Youth enrichment organization that serves both South Orange and Maplewood may have to cut services, look for other means of funding.

Maplewood Mayor Victor DeLuca said at Saturday's budget hearings he will not vote again for township funding to YouthNet. If the funding is cut by Maplewood, South Orange could follow suit, or fund as usual. 

Representatives from the non-profit, South Orange/Maplewood-based youth enrichment organization presented their accomplishments from 2012 and goals for 2013 before asking the Maplewood Township Committee for a $15,000 contribution in the coming year.

The request, the same amount as last year’s, would go towards funding YouthNet’s scholarship programs, afterschool programs and materials they use to seek larger-scale sponsorship. 

I have no quarrel with the services that are being provided,” said DeLuca, who voted to establish YouthNet years ago, “but I do not think that the town should be funding [YouthNet] services instead of other programs.

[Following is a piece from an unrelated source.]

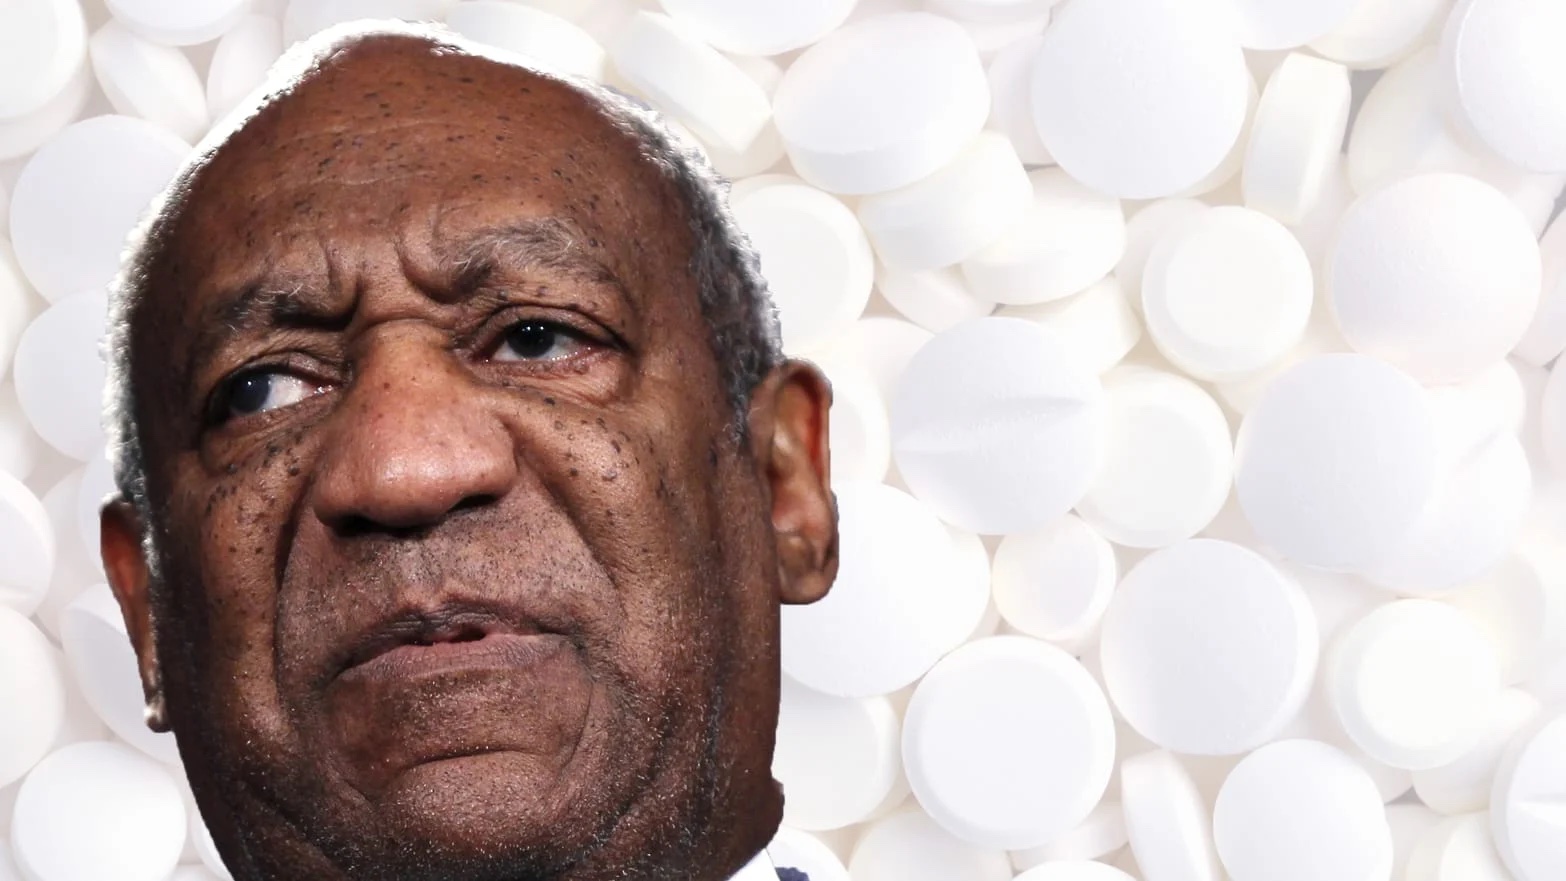 Pill Cosby

I will not be voting for YouthNet’s funding this year.”

One of YouthNet’s goals from the beginning was to become a financially self-sufficient organization, independent of township funding. YouthNet Board of Directors Chairman Dirk Olin told the township committee he expects the organization to be able to stand on its own by sometime in 2014. 

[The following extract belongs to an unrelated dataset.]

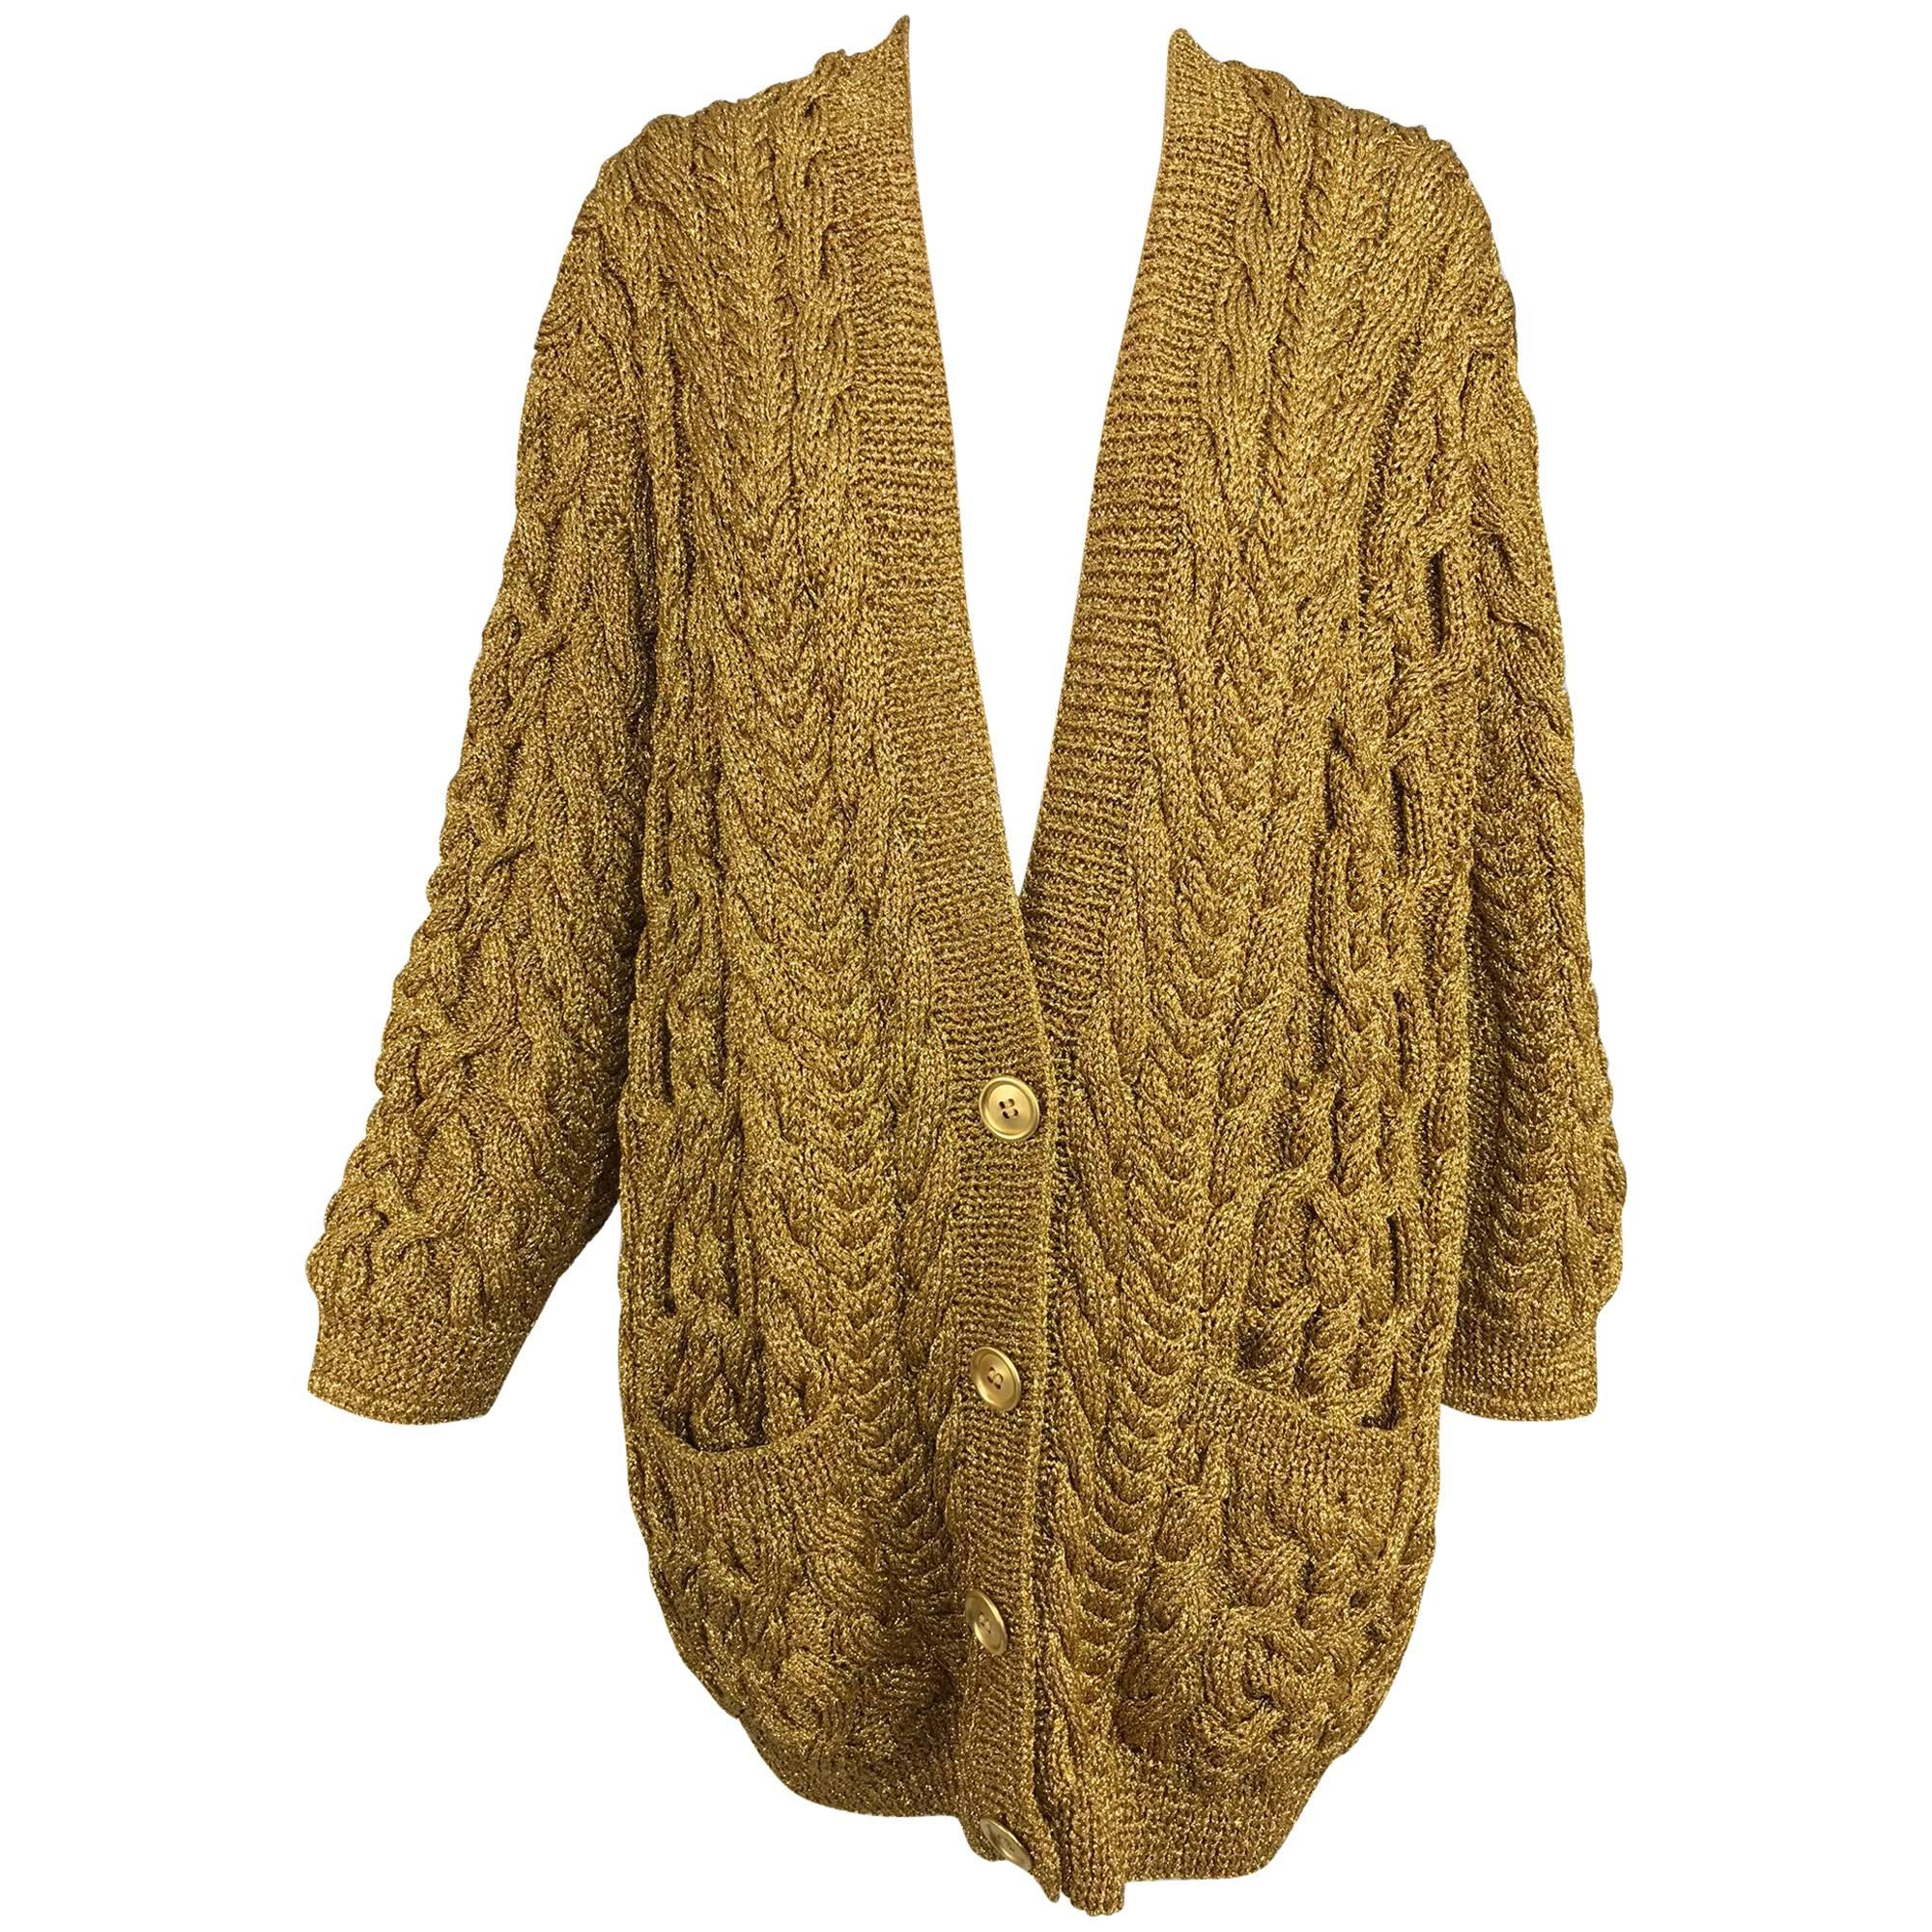 Anne Klein chunky gold metallic knit cardigan sweater 1990s

“There are times when YouthNet is not there,” said DeLuca. “During the hurricane, no one called me up and [asked], ‘How can YouthNet help?’” 

“I would rather give the money to our recreation department,” he added. “[YouthNet] is not where I want to make the allocation. I want to support youth, but I don’t know if this is the best way.” 

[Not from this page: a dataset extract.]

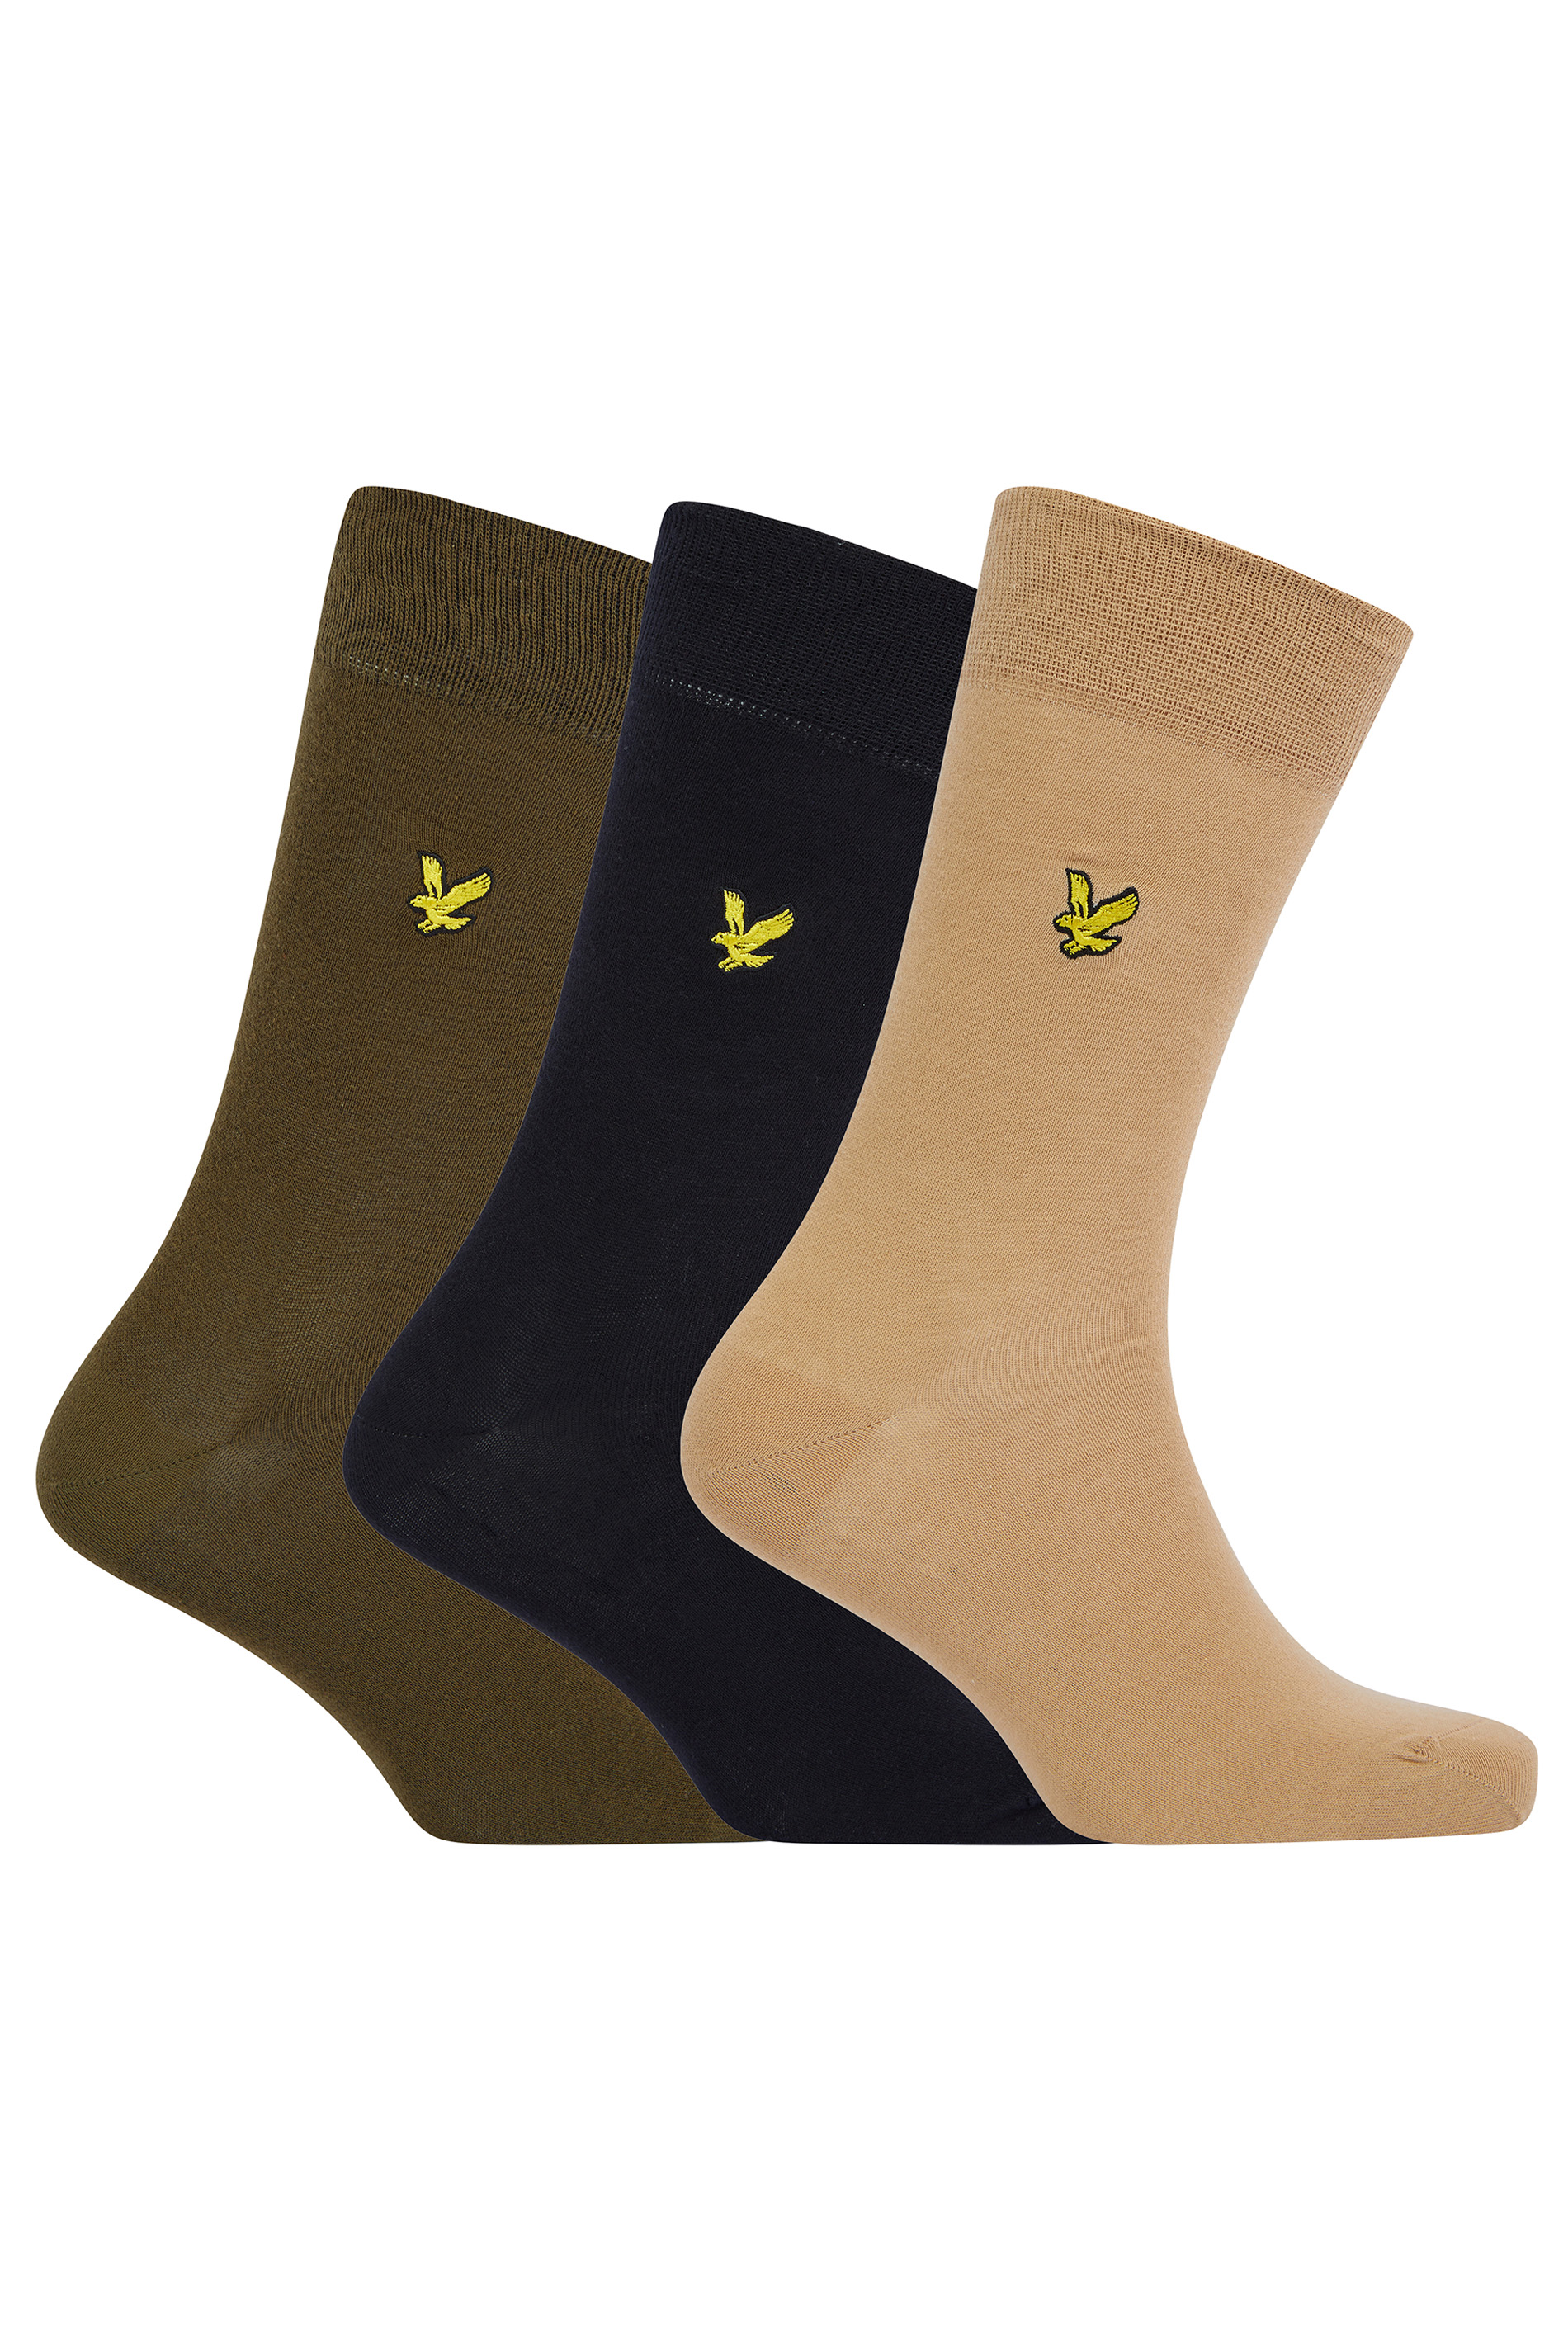 Lyle & Scott Black & Green 3 Pack Socks | BadRhino 1

YouthNet Executive Director Diane Malloy told Patch if they can’t get funding this year, they will have to drastically cut services, including scholarships and afterschool enrichment programs in order to secure private funding. Lack of funding from Maplewood will severely affect YouthNet’s path to self-sufficiency, she said. 

“The mayor makes a solid philosophical argument,” said Olin. “But the proof is in the clubs and the number [of students] YouthNet serves.” Olin said YouthNet serves approximately 950 students in the middle schools and at the high school.

The rest of the township committee voiced neither support nor opposition to the mayor’s stance Saturday. However, Committeeman Jerry Ryan added, “This is a conversation that has to continue. There may be a compromise before we determine where the majority [of the committee] stands.” 

YouthNet will discuss funding with the South Orange Board of Trustees on Monday, Feb. 11.

Elizabeth Nolet February 04, 2013 at 07:09 PM
If the recreation departments were providing adequate services to teens, including after school programming, mentoring programs, and opportunities for social interaction in a safe supportive atmosphere, Youthnet would not have been needed. It was started in part because neither the schools nor the towns were providing adequate services for this age group. As far as Hurricane Sandy, Youthnet held a fundraiser for vistims of Hurricane Sandy and raisied $600. at their teen coffeehouse. One SO Village trustee, Nancy Gould volunteered as a chaperone .
S. Carter February 05, 2013 at 02:18 AM
I think that Mayor DeLuca's lack of funding is shortsighted, especially during this recession. The reason that YouthNet was founded I believe, was to address the gaps in recreational programs during after school hours and fill a void by offering additional resources to unsupervised teens. The library is not a babysitter and YouthNet deserves to secure funding from both towns.